Among virally suppressed people living with HIV (PLWH), cannabis use was related to alterations in T cells and immunophenotypes, supporting the substance’s anti-inflammatory effect. The use of cannabis was not associated with altered frequency of intact or total HIV DNA. Further research into cannabis use among PLWH is needed.
“Impact of cannabis use on immune cell populations and the viral reservoir in people with HIV on suppressive antiretroviral therapy“ was published online on Aug. 22, 2023, in The Journal of Infectious Diseases. The lead author is Shane D. Falcinelli of the Department of Medicine, the Department of Microbiology and Immunology, and the HIV Cure Center at the University of North Carolina at Chapel Hill.
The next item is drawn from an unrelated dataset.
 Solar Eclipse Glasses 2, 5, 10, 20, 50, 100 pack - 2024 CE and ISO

The observational cross-sectional study evaluated the impact of cannabis use on latent HIV reservoir and inflammatory markers by analyzing peripheral blood cells from 33 PLWH who use the psychoactive drug and 42 PLWH who do not use it. All participants were virally suppressed on antiretroviral therapy, did not use other illicit substances, and did not have alcohol use disorder. Current cannabis use was verified by a urine test while long-term use was self-reported.
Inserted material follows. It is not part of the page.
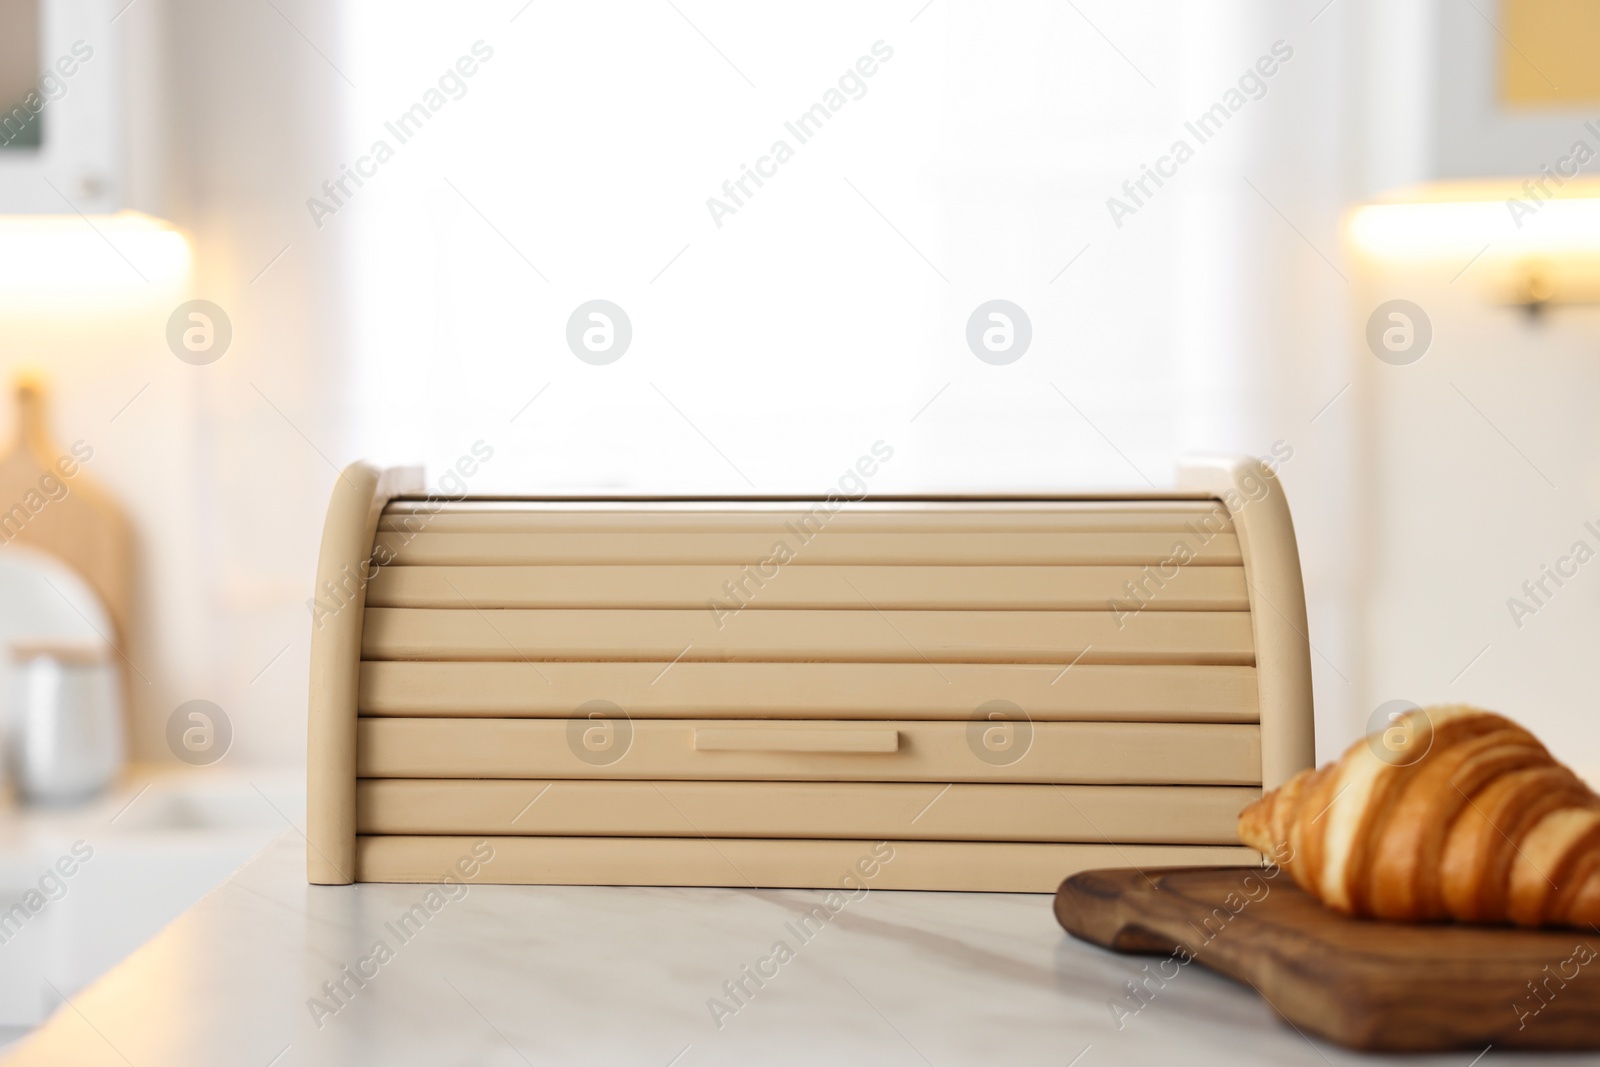 Photo of Wooden bread box and board with croissant on white marble table in kitchen

Current use was associated with changes in T cell maturation, activation, and exhaustion, while years of use were related to changes in immunophenotypes. HIV-specific T cell responses were similar between the two groups, as was total HIV DNA and absolute frequency of intact proviruses.
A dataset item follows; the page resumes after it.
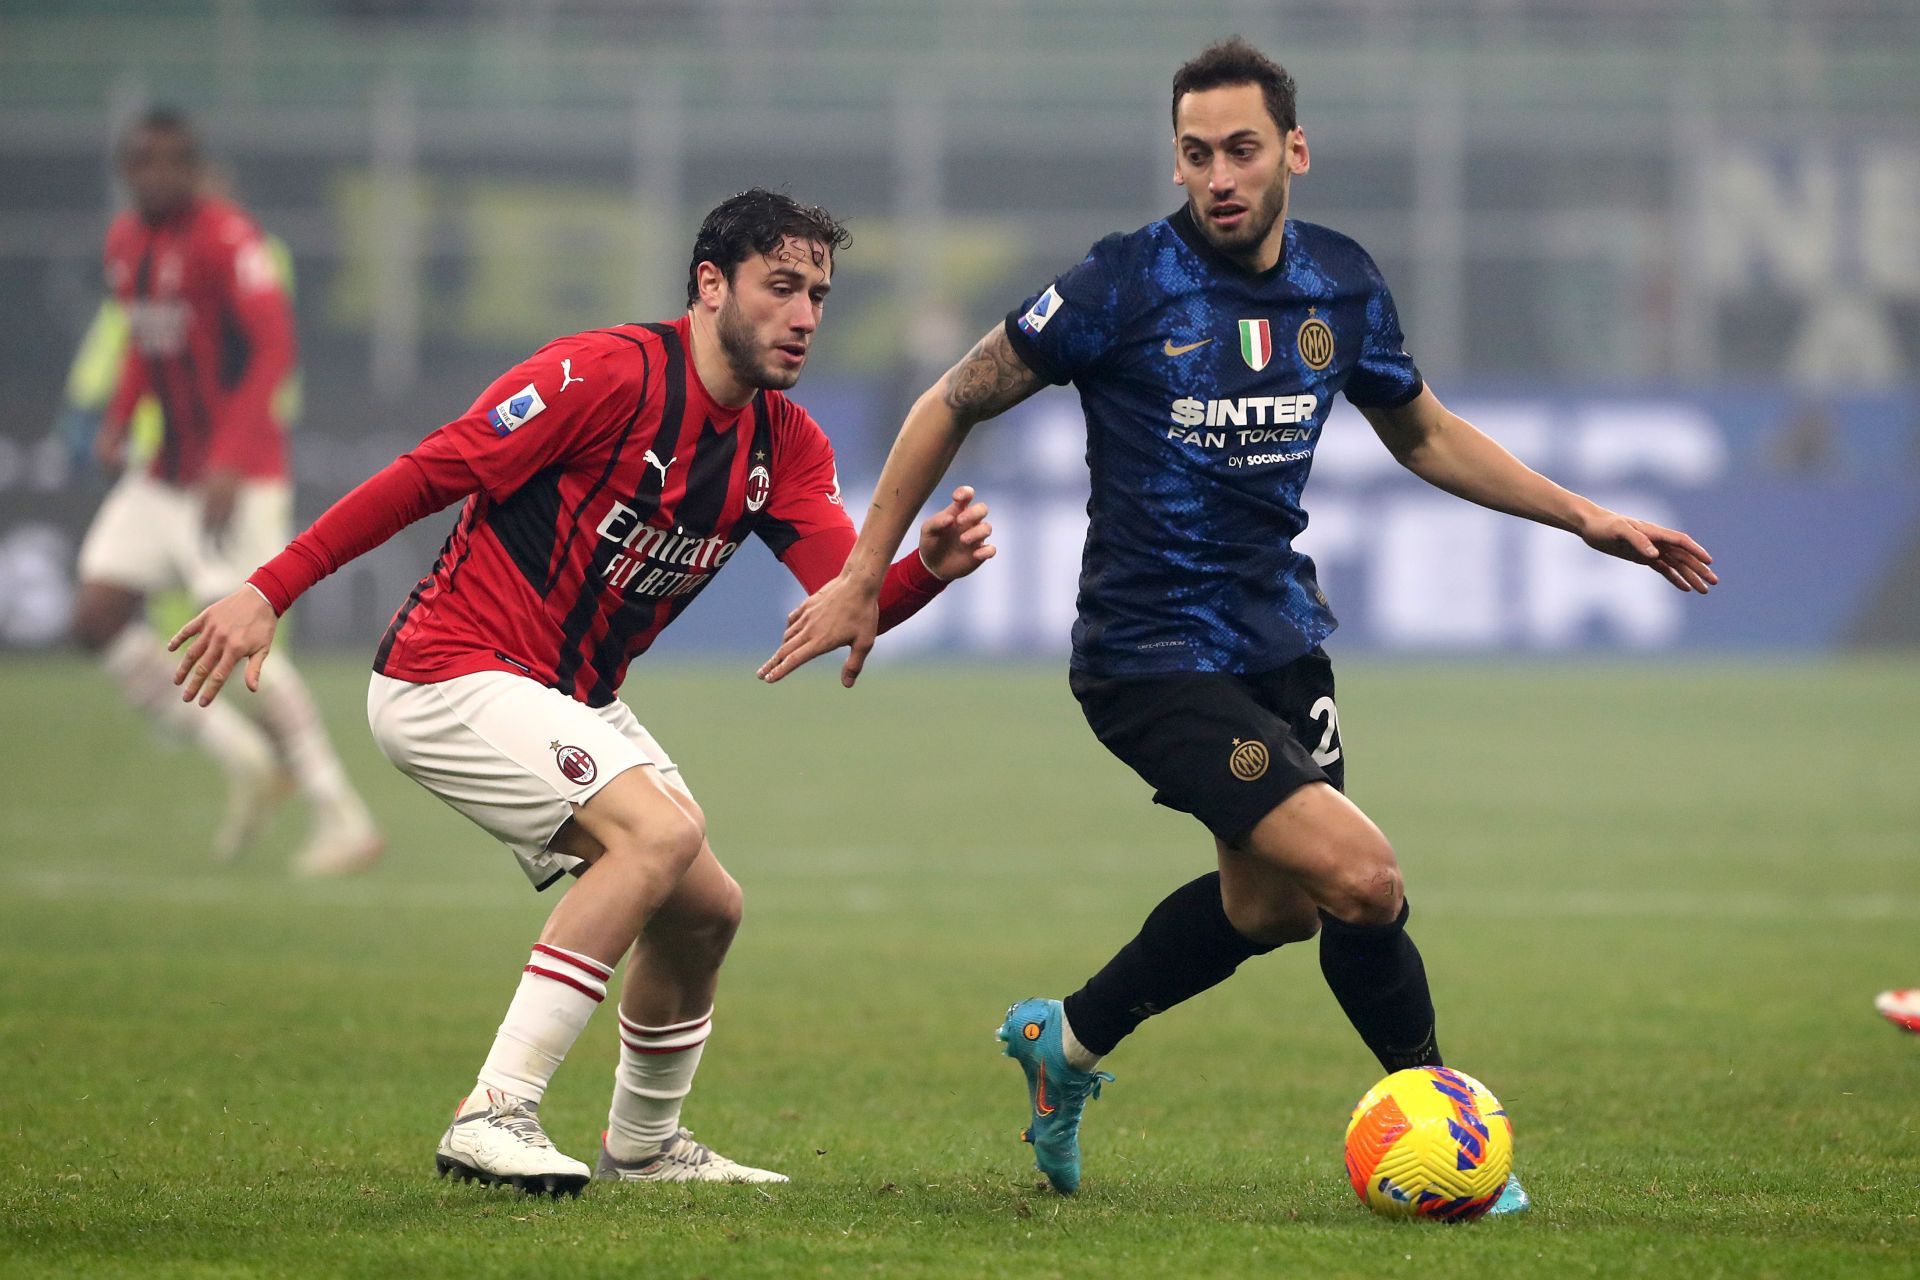 Inter Milan have lost just two games in the Serie A this season FC Internazionale v AC Milan - Serie A

While an exploratory subgroup analysis found that cannabis use may be related to lower HIV reservoir frequency among PLWH with higher NK cell NKG2A expression, overall reservoir size did not differ between the two groups.
Results support previous findings of cannabis’ anti-inflammatory effect. Additional research is needed to elucidate the mechanisms of this drug in PLWH and its effect on other physiological and psychological processes.
These findings may influence the design of future studies on cannabis and the HIV reservoir, whose results could inform ways of mitigating ongoing inflammation, as well as HIV cure strategies.